-- TASK REQUIREMENTS --
Print out the data below in full and exactly, skipping the pictures.
--- RECORDED DATA ---
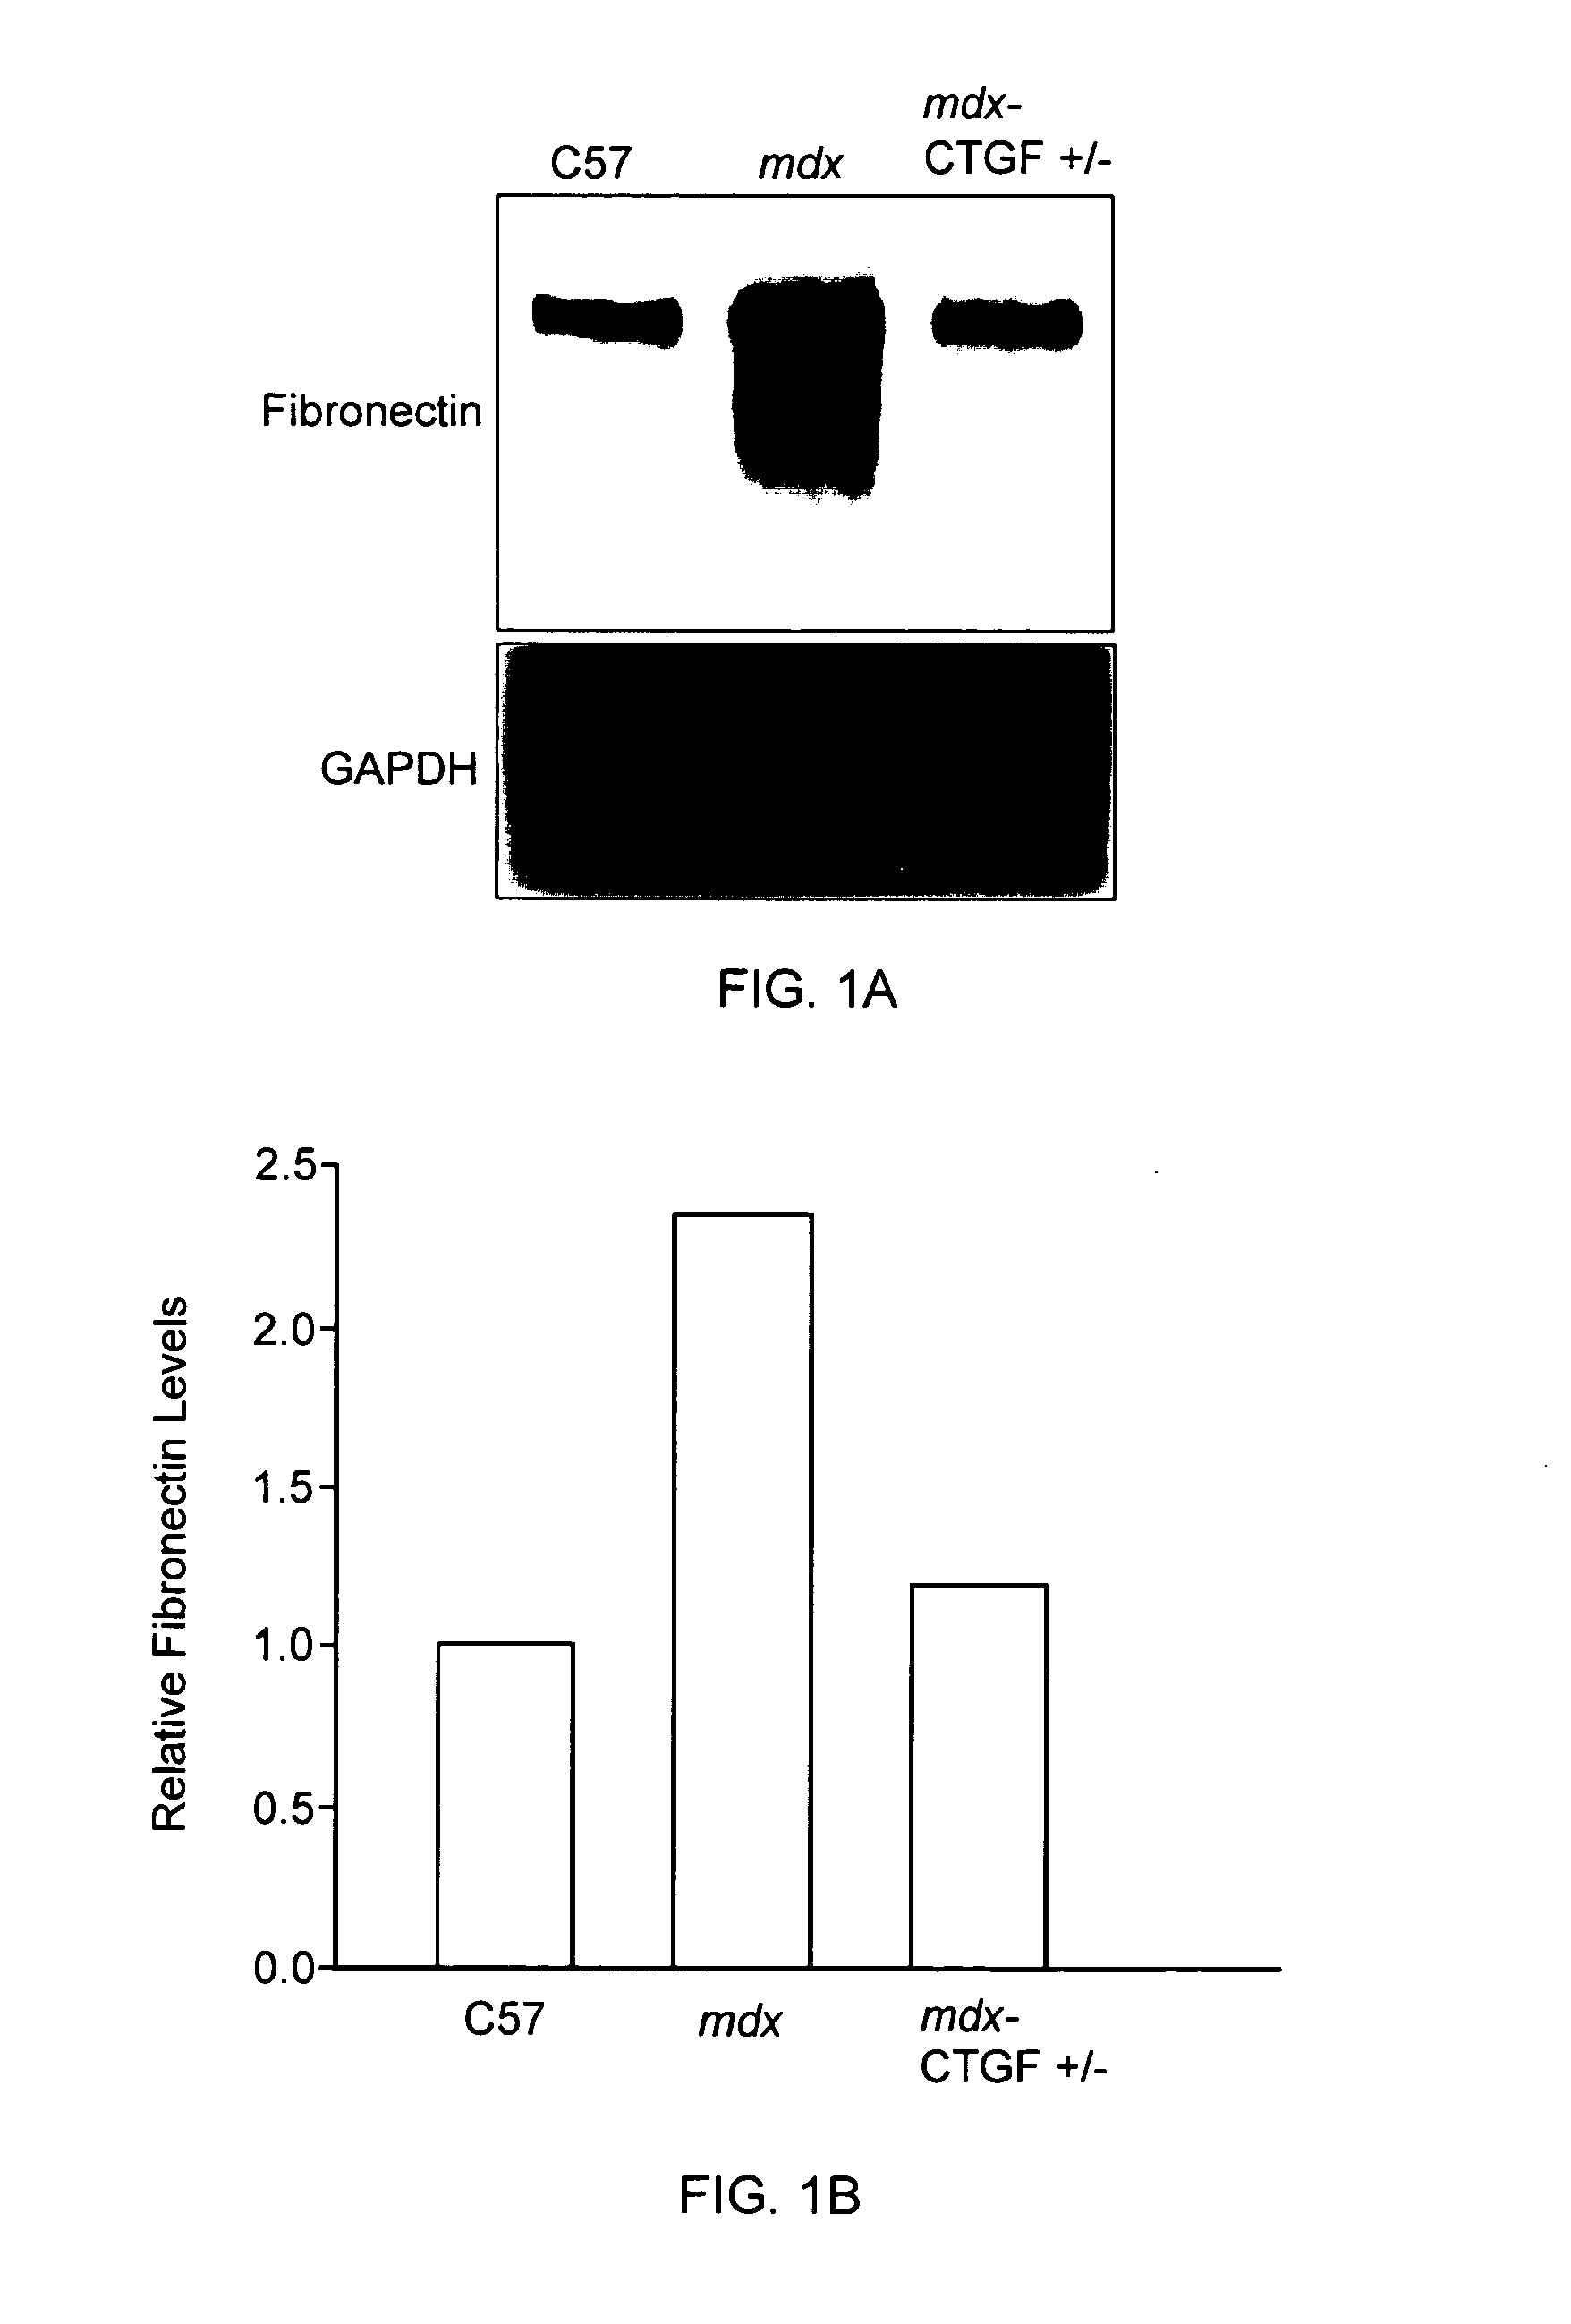 Methods for Treatment of Muscular Dystrophy
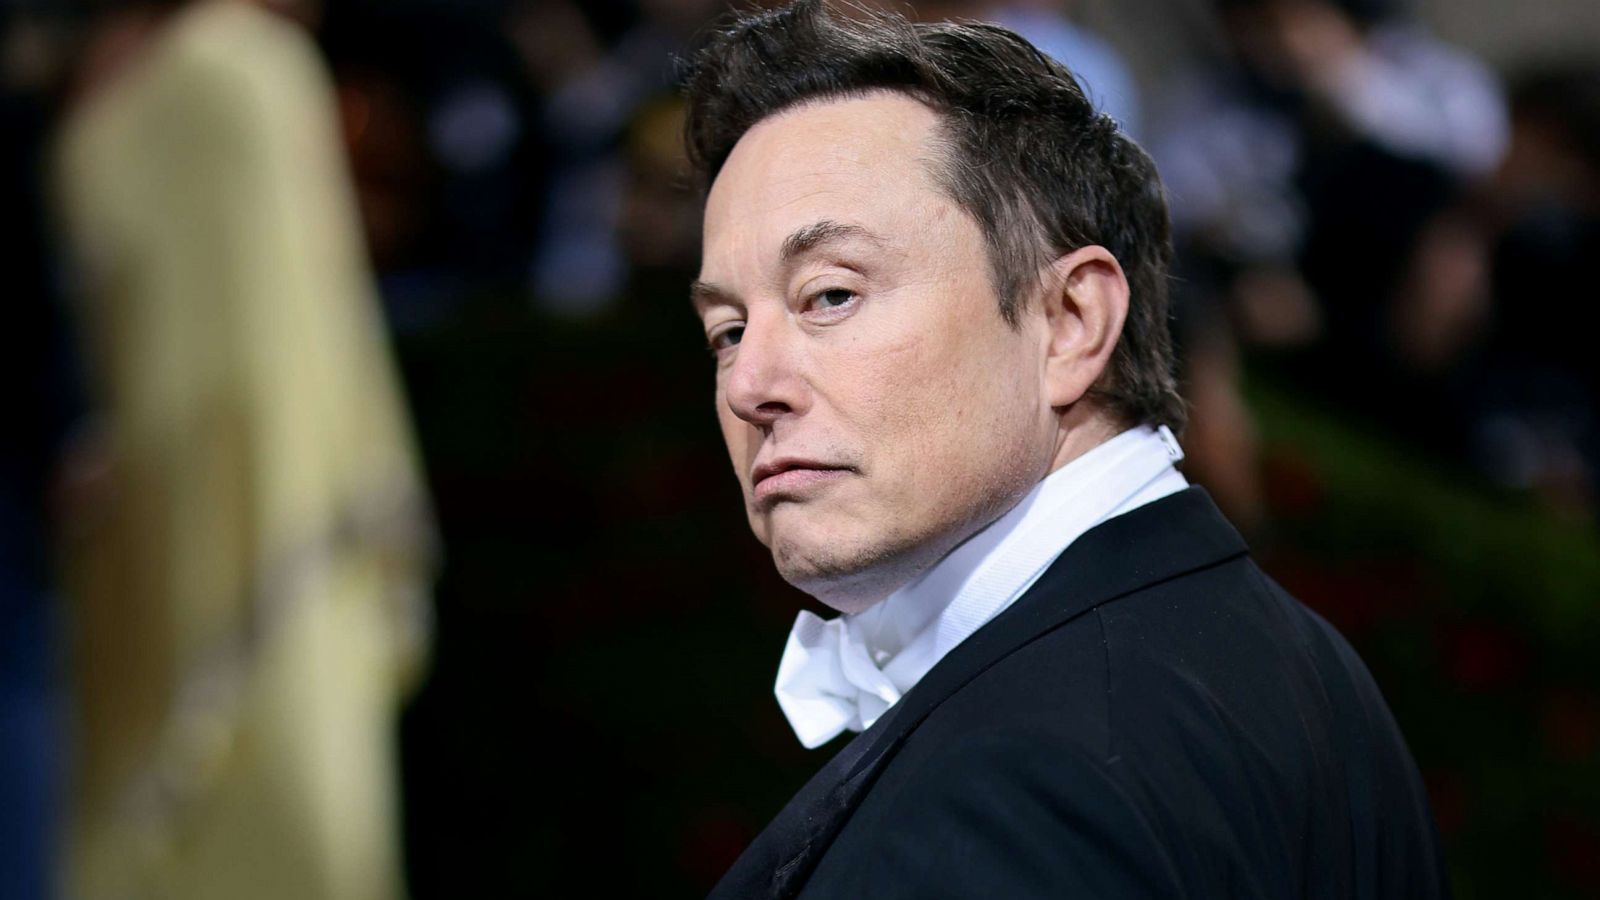 Chief Executive Officer of Twitter Elon Musk proposes to reinstate nearly everyone Twitter banned
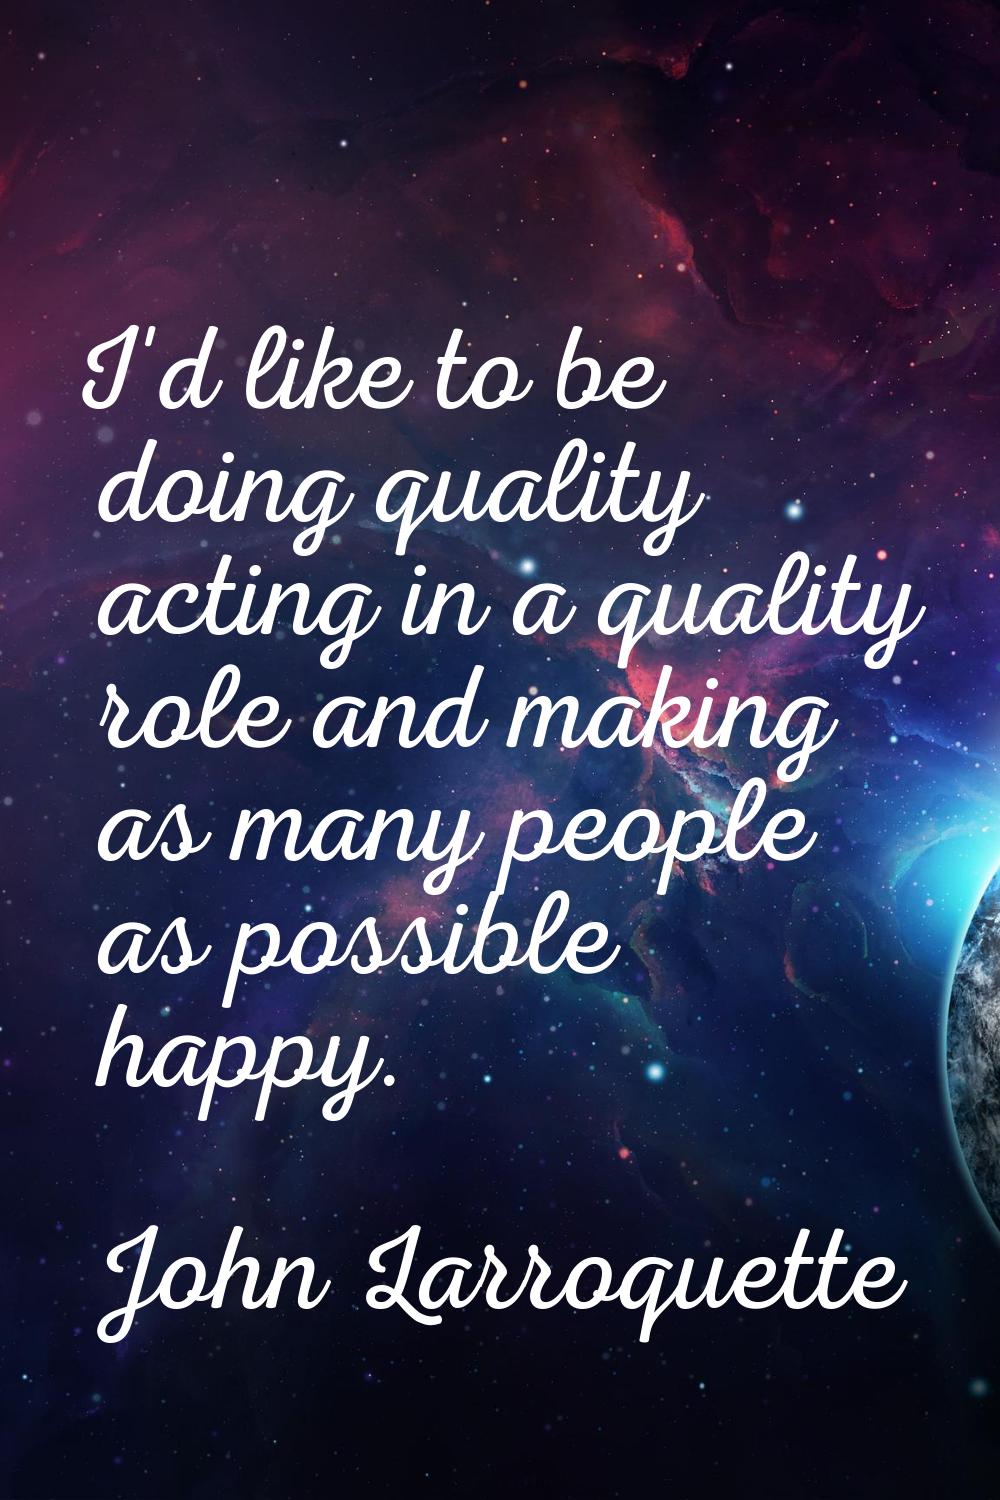 I'd like to be doing quality acting in a quality role and making as many people as possible happy.
---
-- EXERCISE ANSWER --
 Methods for Treatment of Muscular Dystrophy
 Chief Executive Officer of Twitter Elon Musk proposes to reinstate nearly everyone Twitter banned
 I'd like to be doing quality acting in a quality role and making as many people as possible happy.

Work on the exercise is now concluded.